Though the growth of the district is clearly beneficial for Austin as a whole, the current state of its mobility is a recipe for frustration, particularly among residents of its many condo and apartment communities. In a recent letter to the city’s Design Commission from the Rainey Neighbors Association, the group’s president Sandra De Leon expressed an urgent need for transportation infrastructure improvements to match the aggressive pace of the region’s development:

Today, the Rainey Neighborhood has eleven infill projects in various stages of the permitting process for new development, with five of those projects surpassing 45 stories in height. 
[…]
Rainey was built to accommodate single-family homes on long blocks, a pattern that impedes circulation, unlike the street grid in the downtown core with shorter blocks that create connectivity.

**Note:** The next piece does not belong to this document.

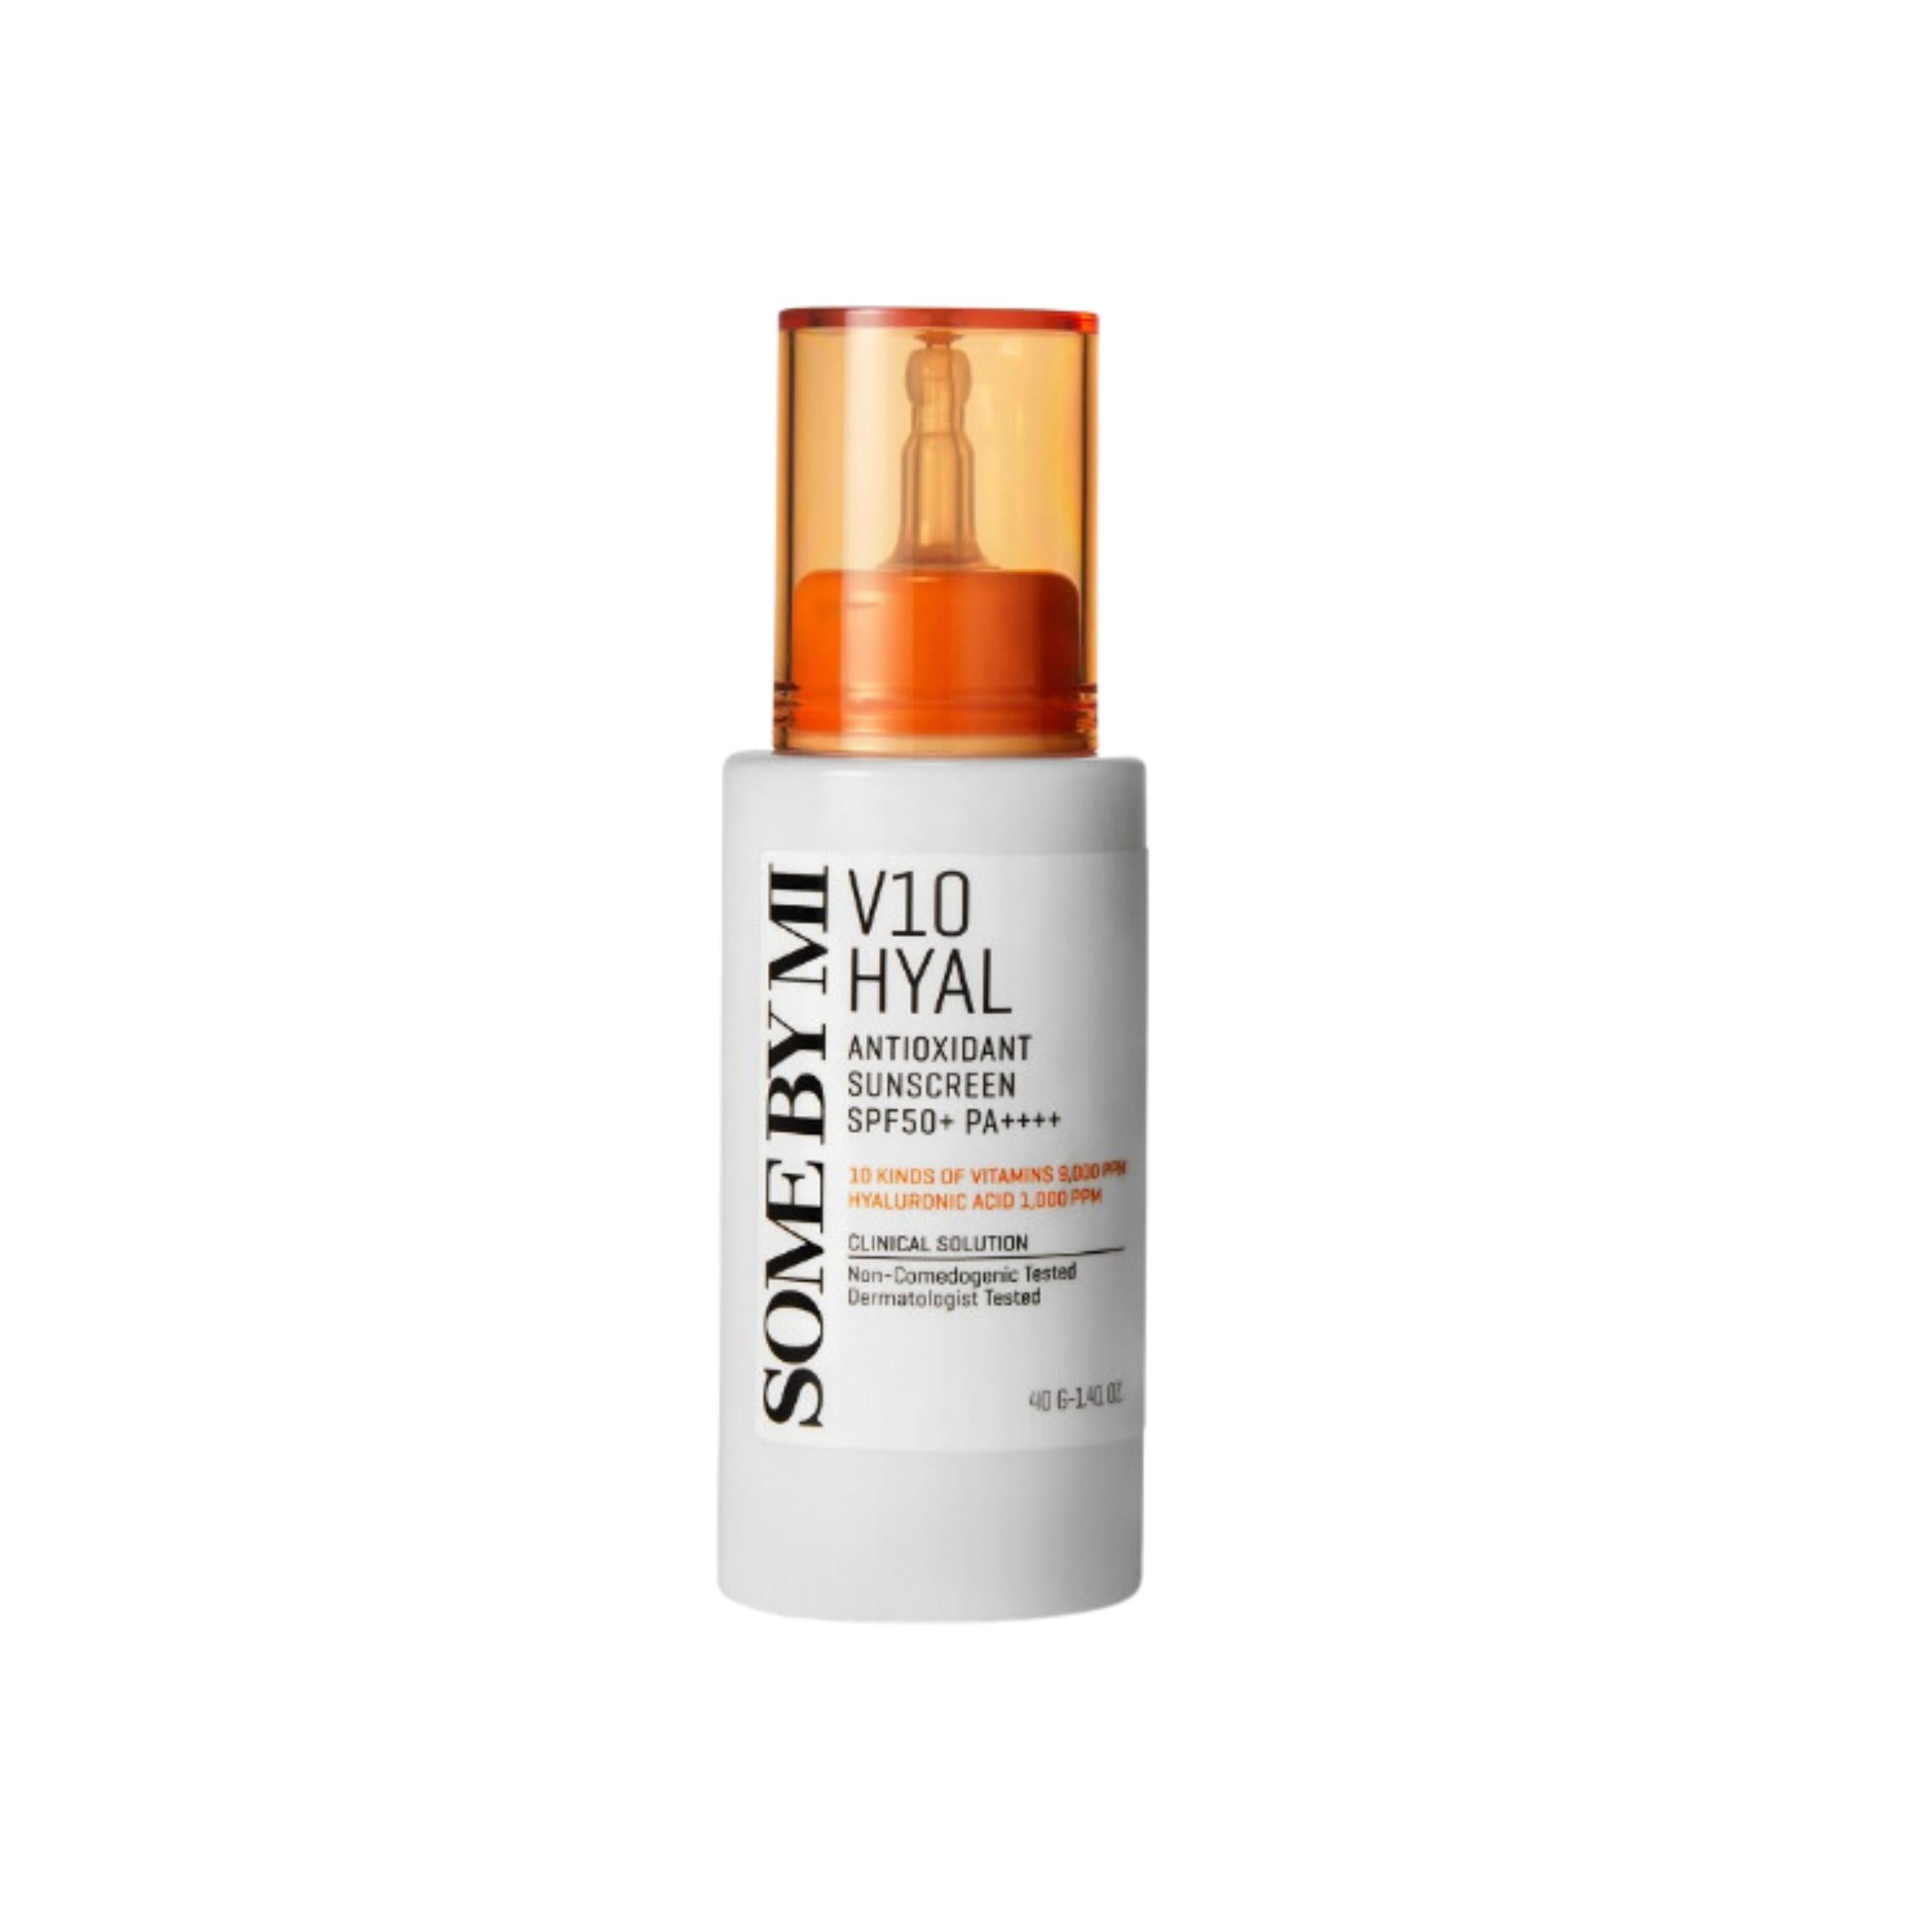 Слънцезащитен крем SOME BY MI V10 HYAL Antioxidant Sunscreen SPF50+, 40мл

— Sandra De Leon, President, Rainey Neighbors Association

To that end, the association requested that the city work with them to create and adopt a mobility plan for the Rainey Street District, which would apparently compliment the Austin Core Transportation Plan and confront Rainey’s “unique mobility issues.” It appears they’ve gotten their wish — at its meeting last week, the Design Commission voted unanimously to recommend  a “comprehensive mobility study” of the neighborhood to City Council, the results of which will eventually lead to a Rainey Neighborhood Mobility Plan. 

The Design Commission recommends a comprehensive Mobility Study be conducted for the Rainey Neighborhood. Further, we recommend the results of this study be used to create a Rainey Neighborhood Mobility Plan, formed in collaboration with Rainey stakeholders, addressing the unique mobility challenges of the neighborhood. The Mobility Plan should include specific goals and policies for developments in order to provide predictable outcomes.

In 1999 Austin City Council passed a resolution directing the City Manager to work with the Rainey Neighborhood to facilitate discussions leading to land use objectives and priorities for the neighborhood. However, when the Rainey Neighborhood was ultimately rezoned in 2005, mobility issues were not appropriately addressed.

Today, the Rainey Neighborhood is a popular entertainment destination, yet there are currently no transit stops and many streets are missing accessible sidewalks, crosswalks, and dedicated bike lanes. There is also a noticeable lack of district parking and dedicated ride share drop off and pick up locations. Additionally, the narrow streets and tight radii at several of the intersections make navigating the neighborhood a challenge for vehicles. The Rainey Neighborhood is not laid out in a true grid, like the rest of the Central Business District and this lack of connectivity exacerbates its growing mobility problems.

— Austin Design Commission Draft Recommendation, April 22, 2019

Though she says there are “no concrete plans” at the moment, De Leon sent us some additional thoughts on the current conditions around Rainey Street, and mentioned that the Austin Transportation Department already has funds allocated for the mobility study here — though its timeline remains unknown and the whole item’s got to pass City Council first anyway. 

“There is poor connectivity to Rainey and connectivity is lacking within Rainey itself. Densification must occur with mobility planning. One should not occur without the other in mind, yet this is what we’ve done on a very large scale in Rainey . . . we can’t expect to create a dense urban core, expect people to give up their cars, and then not provide an alternative for them. Not everyone has the desire or the ability to ride a bike, but some of those people might take a shuttle or a downtown circulator, or even a small electric vehicle . . . it begins with infrastructure, planning, capital and priorities. I think the city is now starting to focus on this with Rainey.”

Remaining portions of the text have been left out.